A Month in the Country – J L Carr
There are many different motives for reading a book – a desire for pure entertainment, to educate, to discover more, intellectual stimulus – but sometimes you come across a book that is just wonderful and gives you a zest for life. One such is Carr’s novella, A Month in the Country, set in 1920 and published in 1980.
At one level it is a paean to the lost English countryside and the crafts that sustained the rural economy until the dark clouds of the First World War changed everything irrevocably. Carr has an acute sense of the minutiae that make up the countryside and his descriptions take an almost elegiac form; “the sound of the bees foraging from flower to flower seemed to deepen the stillness.” And in a longer passage; “Day after day, mist rose from the meadow as the sky lightened and hedges, barns and woods took shape until, at last, the long curving back of the hills lifted away from the Plain. It was a sort of stage magic… I had a feeling of immense content and, if I thought at
all, it was that I’d like this to go on and on…”

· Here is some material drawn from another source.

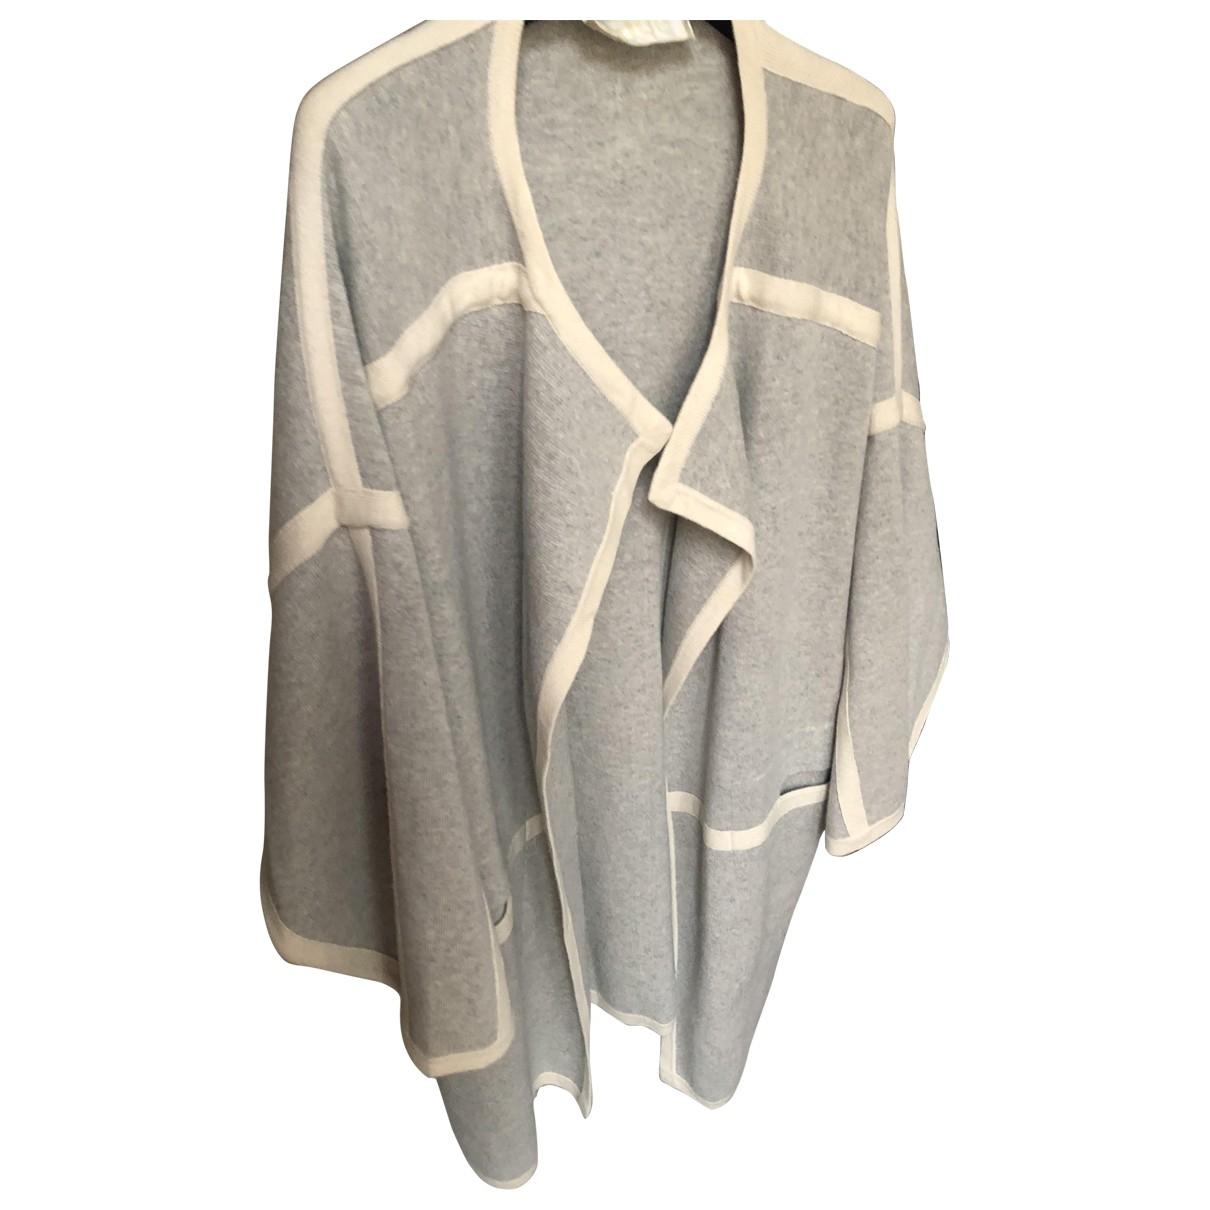 Chloé \N Grey Wool coat for Women XS International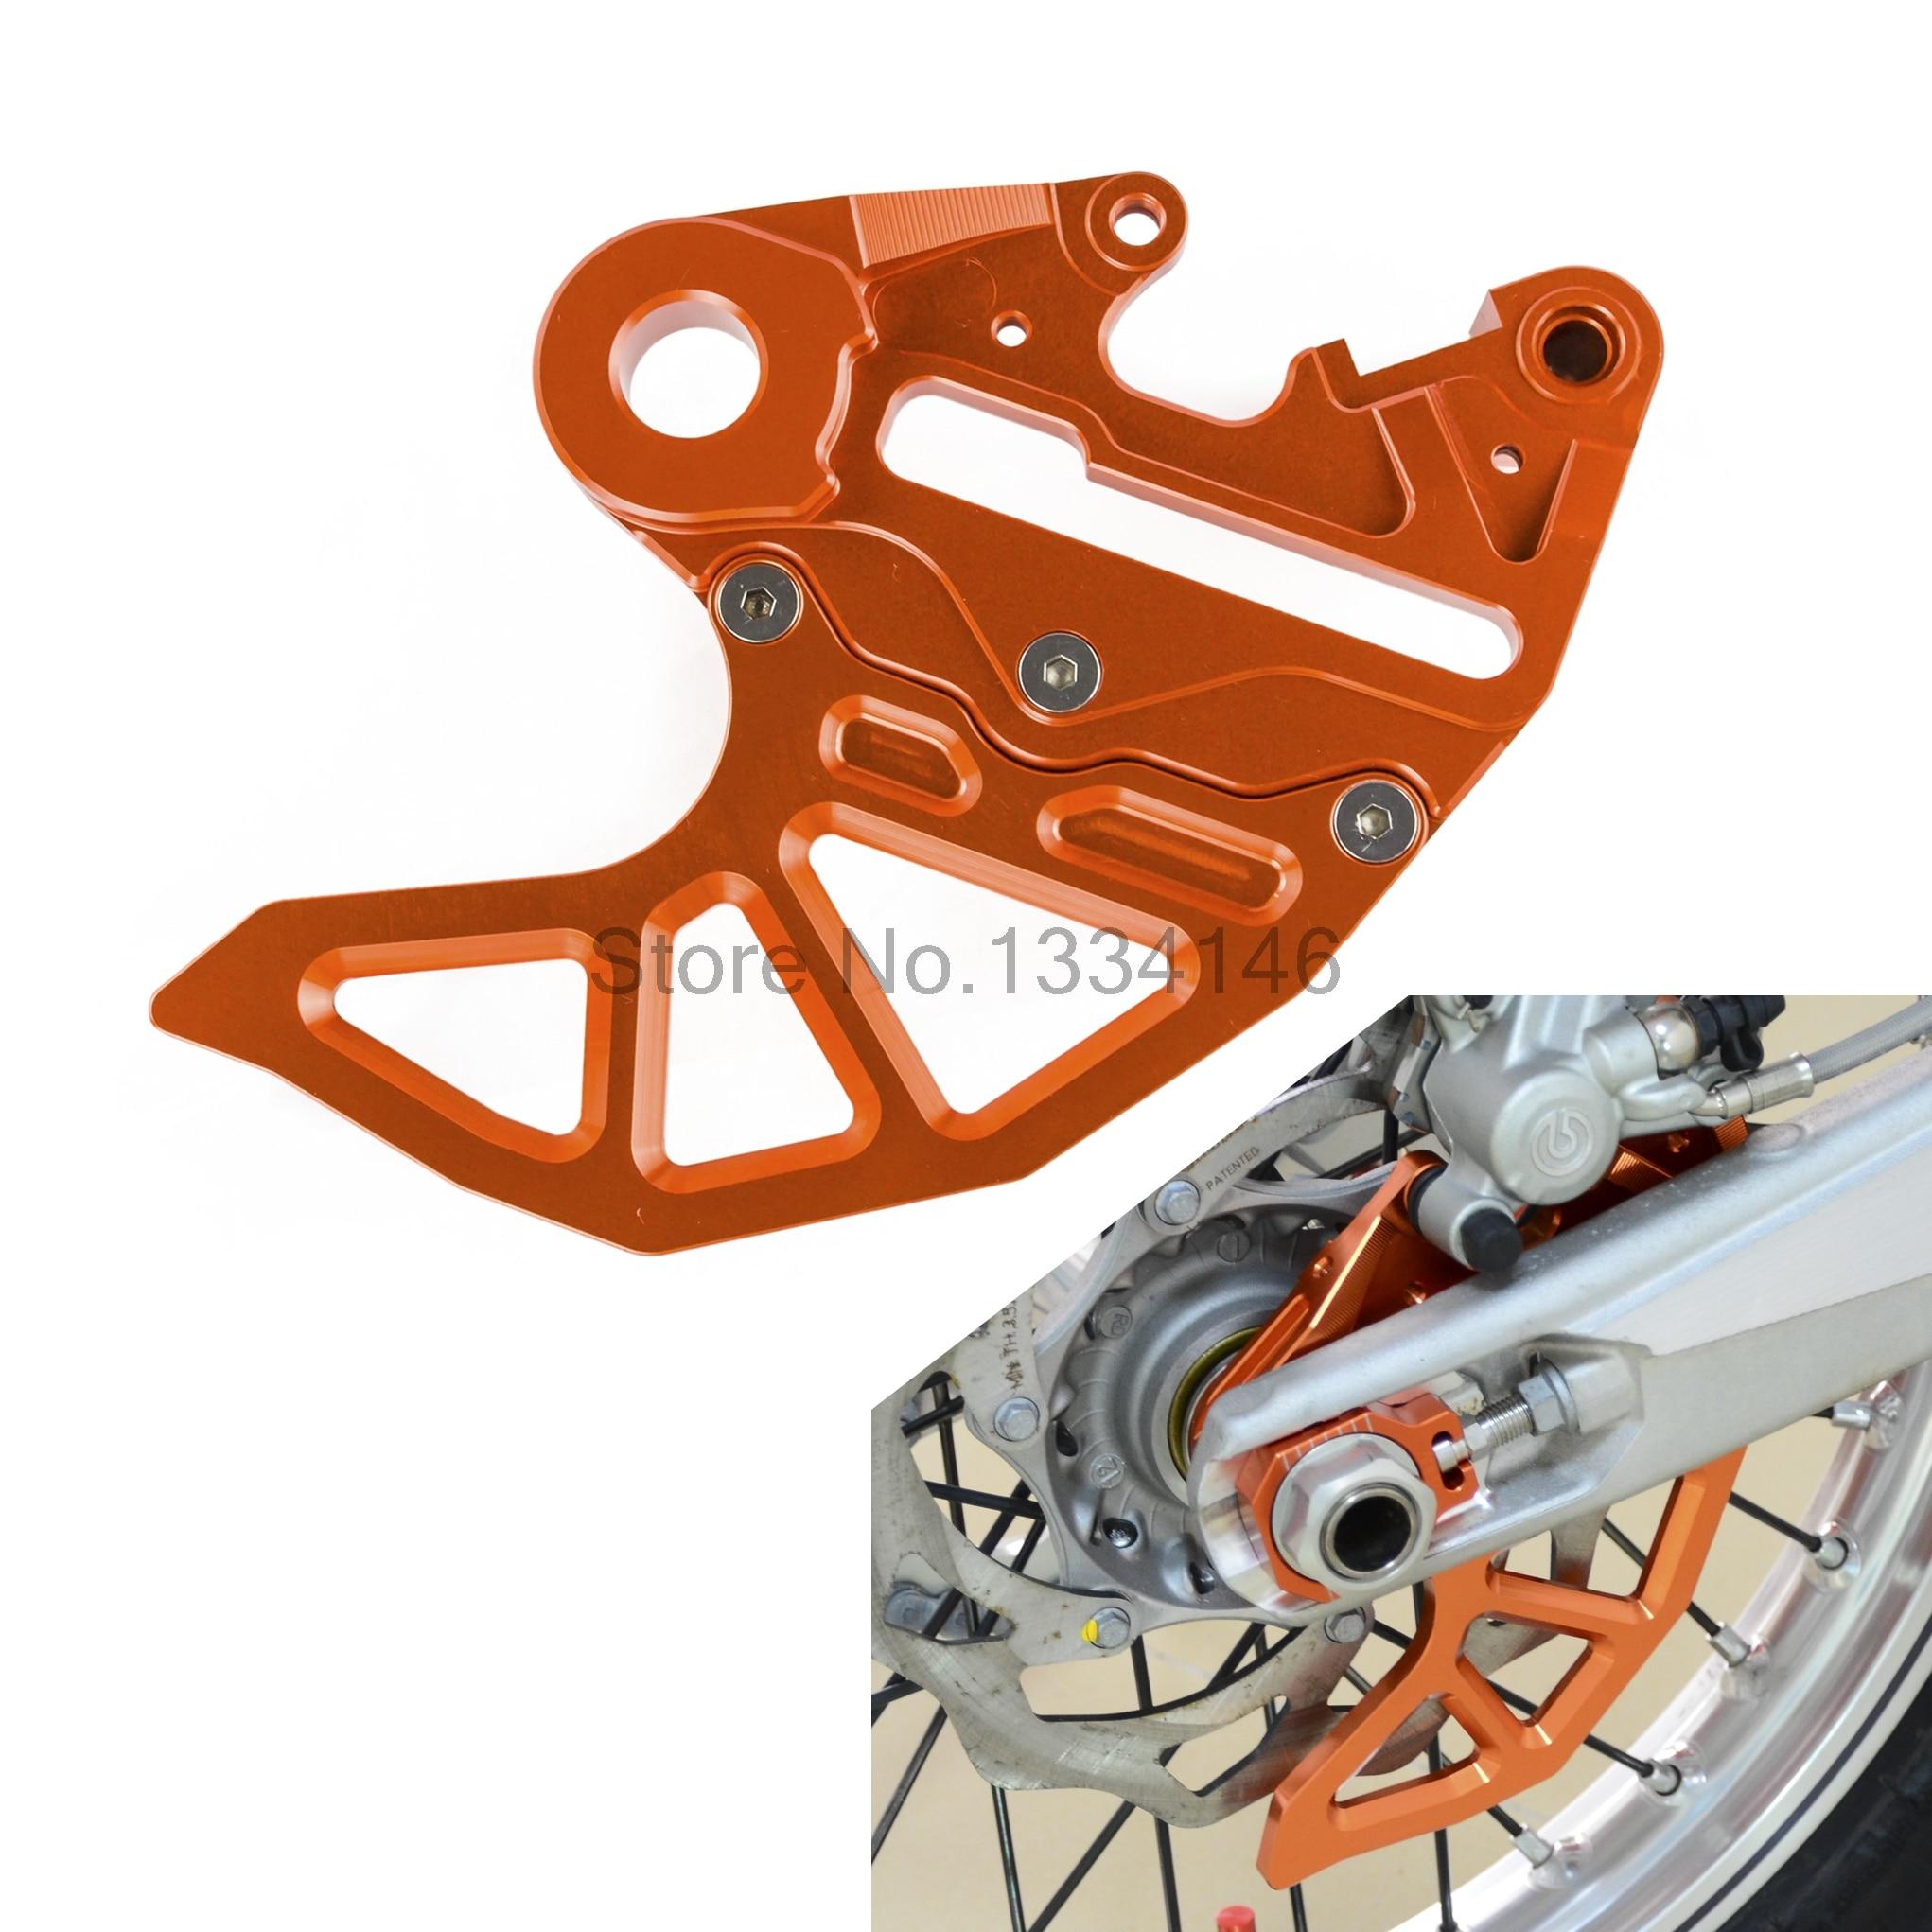 ФОТО Caliper Support Rear Brake Disc Guard For KTM 125 200 250 300 390 450 530 SX/SX-F EXC/EXC-F/XC-W/XCF-W

But on another level, it is a bitter sweet tale. The protagonist and narrator, Tom Birkin, is on his uppers, has suffered a painful break-up in his marriage and has been mentally scarred by (and has a facial tick from) his war-time experiences. He has arrived at the village of Oxgodby to restore a medieval mural hidden behind a whitewashed in the church. The vicar thinks it is a waste of time and money but Birkin soon realises that he is uncovering a masterpiece. This rare opportunity for Birkin to practise his ancient craft allows him to find some solace, some comfort.
Birkin strikes up a friendship with Moon, another former soldier scarred by his wartime experiences, who is employed to find the bones of his patron’s ancestor. They both realise that they are experiencing a moment of catharsis and eke out their work to extend their stay.
And then just for good measure Birkin meets a woman, Alice Keach, the wife of the vicar. She is considerably younger than her rather crabby husband and beautiful to boot. Carr indicates that her marriage is not a satisfying one and there is a frisson of romantic attachment between the former soldier and her. But it is a chaste relationship, offering promise rather than fruition. Alice is portrayed rather like a paragon of beauty locked in some painting, someone to be admired, venerated but not touched.
And for me this is the essence of this rather wonderful book – the realisation that even the most imperfect and damaged life can contain moments of happiness and perfection. These may be fleeting and impermanent and need to be enjoyed when they occur. Or as Carr more memorably puts it, “If I had stayed there, would I have always been happy? No, I suppose not. People move away, grow older, die, and the bright belief that there will be another marvellous thing around each corner fades. It is now or never; we must snatch at happiness as it flies.”
Carpe diem is a motto that has a lot going for it, I have always thought.
If you are looking for a tender, elegant, beautifully written novella that evokes the beauty of the English countryside and the impermanence of happiness, you will not be disappointed with this book.